Global urgency: climate goals, resource pressures, and the case for change

Under the Paris Agreement transport targets, all signatories including EU and UK cities must accelerate decarbonisation, with 2050 being the year where net zero greenhouse gas emissions should be reached to meet the 1.5°C target.

However, growing resource scarcity, volatile supply chains, and mounting greenhouse gas emissions in transport have pushed the issue to the boardroom. Failure to address global warming potential (GWP) exposes operators and contractors to financial penalties and competitive exclusion. Integrating circular practices enhances climate resilience in mobility, safeguarding value for commercial, state and investor stakeholders.  

It is also expected that this issue will be regulated with EU Circular Economy Act expected to be introduced in 2026 and UK’s Circular Economy taskforce presenting their initial report in autumn 2025. 

The cost of linear transport models (and why change is inevitable)

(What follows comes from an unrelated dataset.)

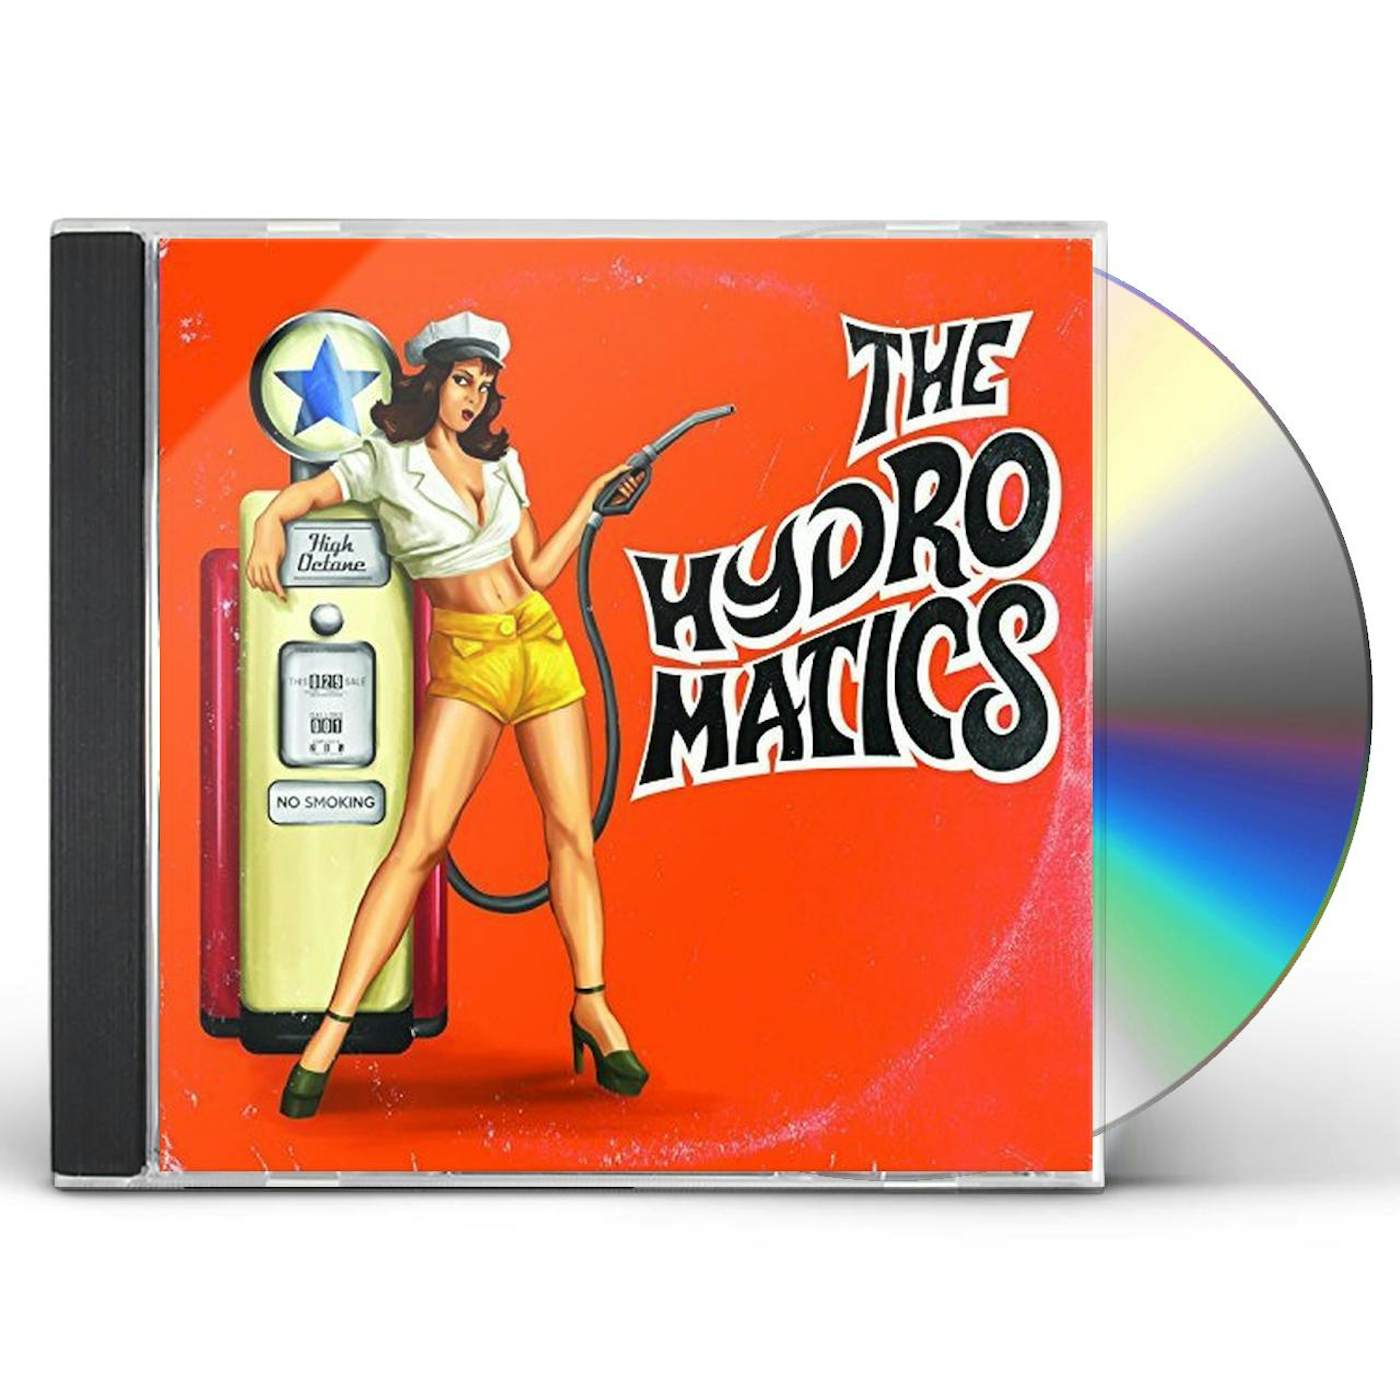 The Hydromatics CD

Legacy models generate unsustainable transport waste streams, rebuilds, and higher infrastructure obsolescence, raising costs even further. Long-term, this increases both public subsidy demand and business risk. Public transport systems that depend on new builds, fuel dependency, and single-use components consistently report rising total cost of ownership (TCO) versus regions actively implementing circular models.

Rising environmental and economic pressures on traditional transport

Public transport operators face escalating GHG emissions regulations, volatile fuel prices, and pressure from urban congestion. Studies show a move to circular maintenance and asset reuse strategies has reduced renewals and repairs by over 25% in Oslo and Amsterdam since 2020 [1,2].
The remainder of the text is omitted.